Observations usually last about 4 hours post surgery and as long as the child has eaten and drank something and been to the toilet they will send them home with a course of oral antibiotics and ear drops to minimise any inflammation. Neurofen can also be given post surgery for pain relief and as an anti-inflammatory works well.
I found the ear drops particularly difficult to administer as the bottle we received required 3 drops in each ear 3 times a day. Doing that with a resistant toddler is not the easiest thing in the world. I found the easiest and quickest way to administer (by myself) was to lay my son over my lap on his side with my legs wrapped over his to prevent him lashing out and my left arm around his arms, his head on my knee and administering the drops as I rested my elbow on his head to prevent him lifting or turning it. While it feels really mean at the time, it minimised his movement and got the job done quickly. I then just flipped him over to do the other side. I would give him something calming straight after such as a bottle or a treat to distract him.

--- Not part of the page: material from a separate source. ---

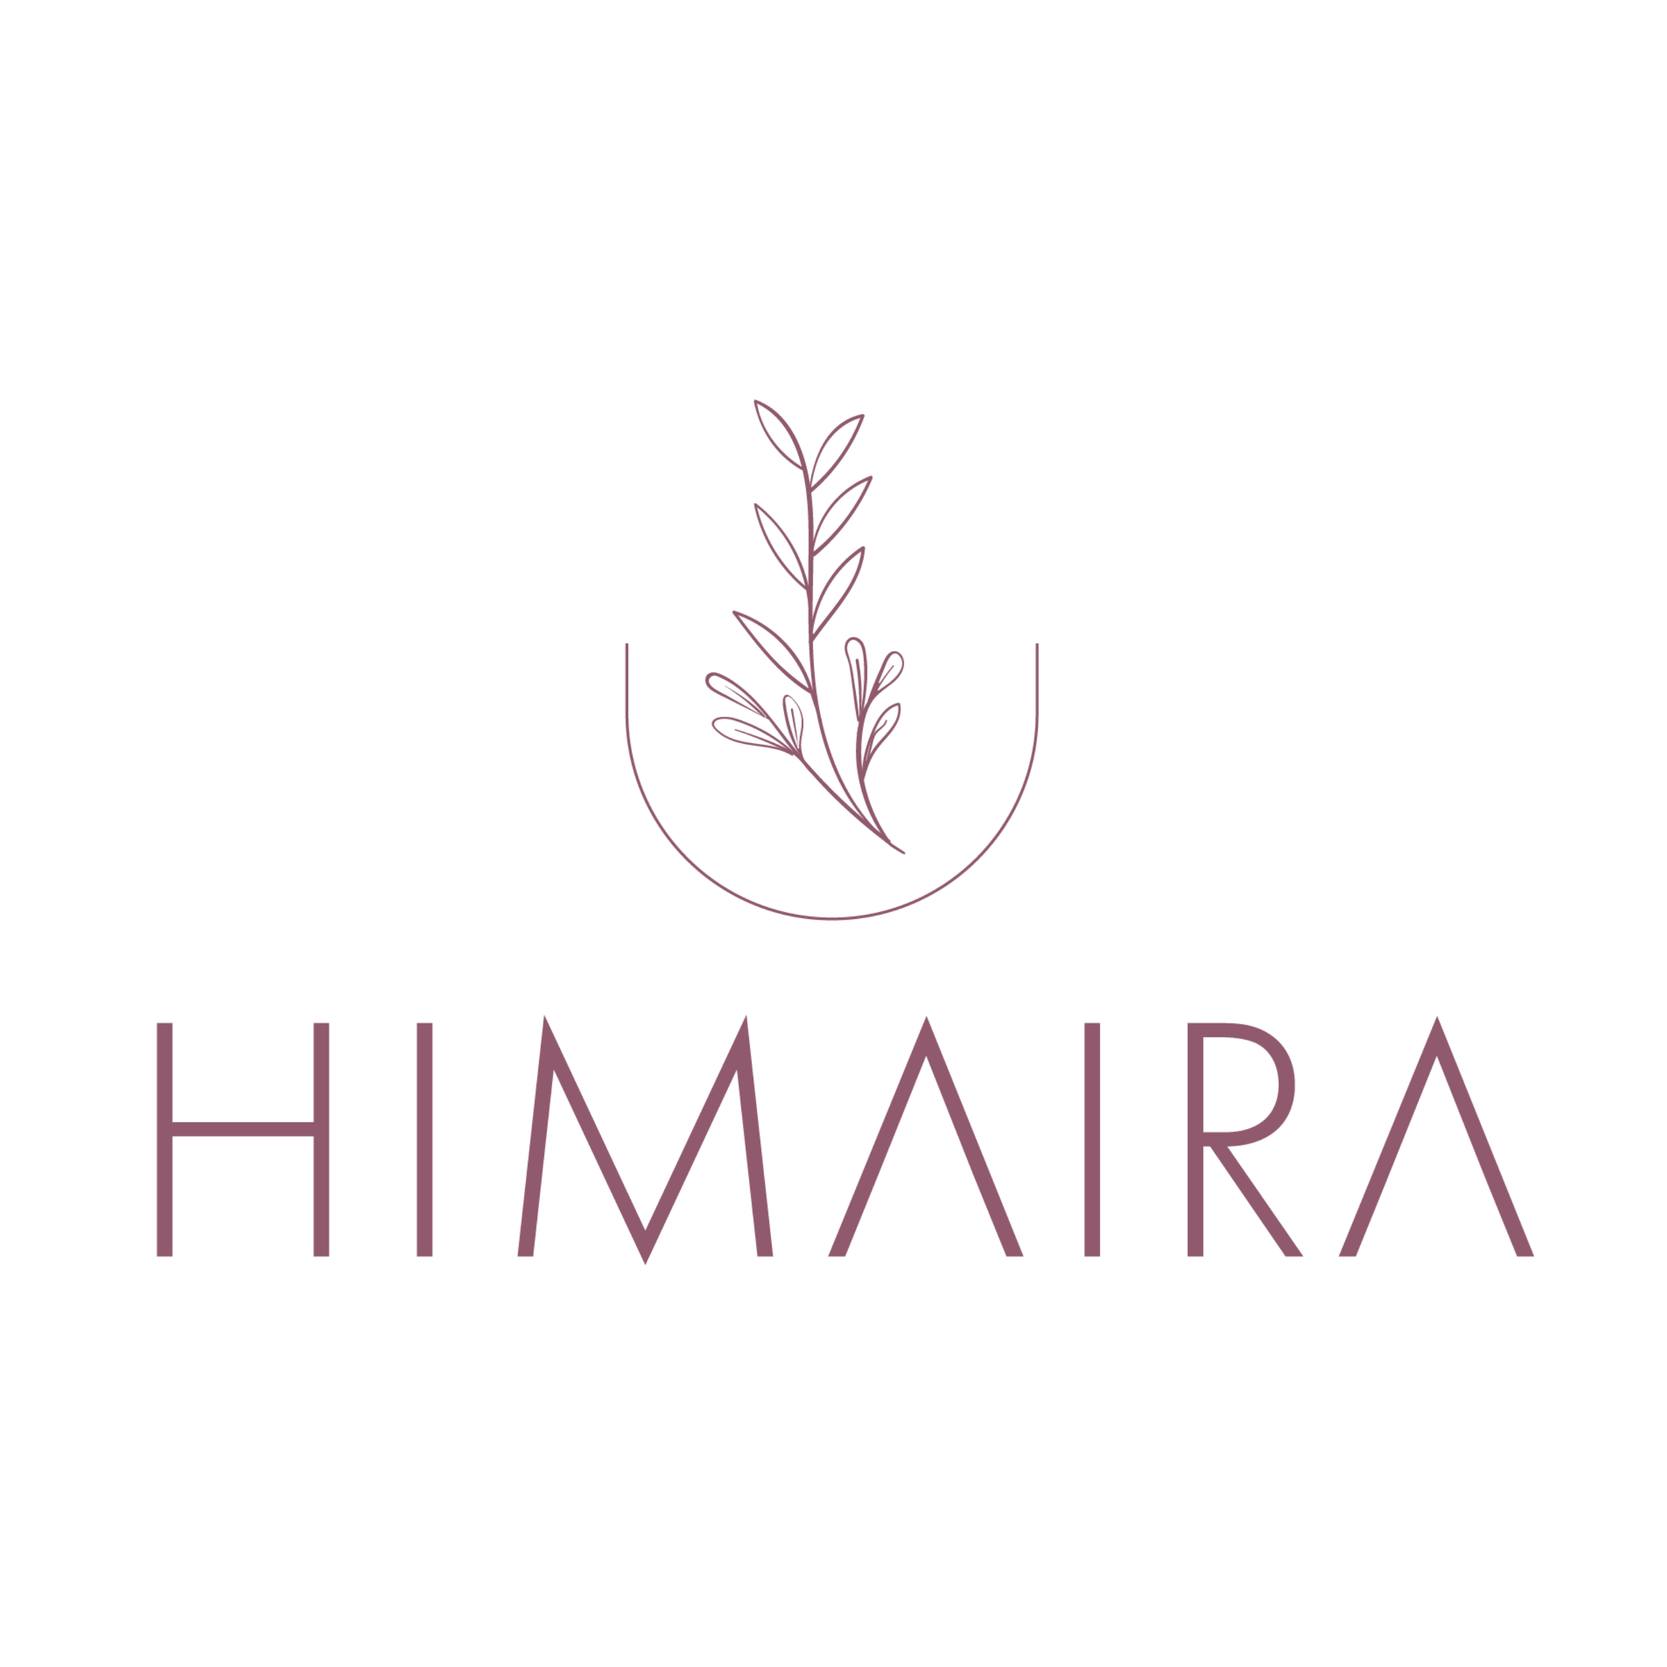  Himaira
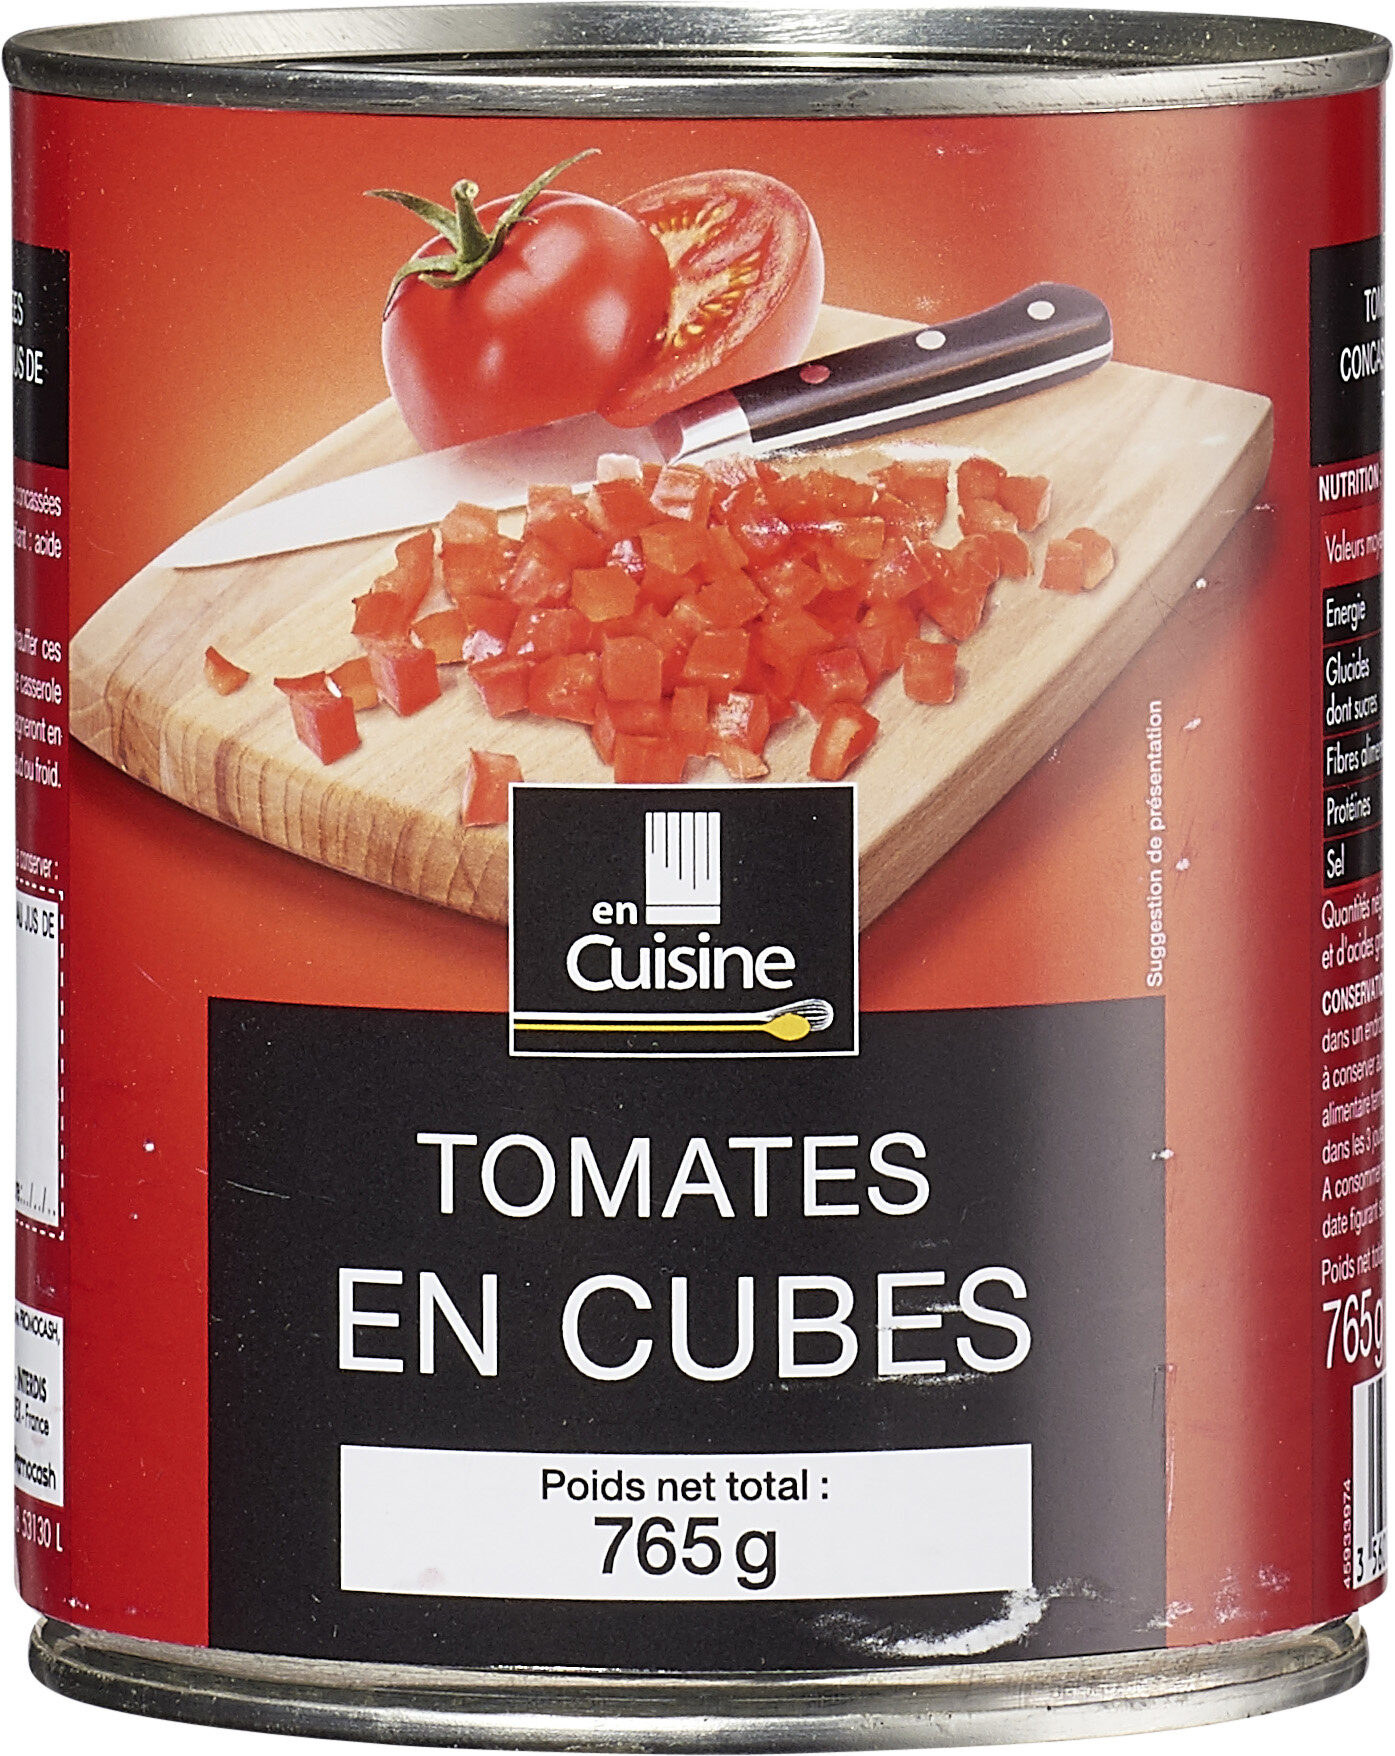 Pulpe de tomates en cubes au jus - Product - fr

In the case of grommets, itís a good idea to avoid washing hair in the bath as the water contains a build-up of bacteria and can cause infections in the ear and for a few weeks don't let them go swimming. Even after a few weeks if they are going to swim, stick to the beach or chlorinated pools as water in creeks, dams etc. will easily pass through the grommets and take in a whole lot of bacteria causing more issues and inhibiting the healing process.
Kids are usually fine to return to normal activities 24/48 hours post surgery such as child care or school as well as fly. If you have any concerns about ongoing discomfort you can always visit your local GP or call the surgeon to check it out. Follow up appointments are usually four weeks post surgery and roughly six monthly there onwards. Sometimes there will be a hearing test performed to make sure any previous hearing loss has been resolved.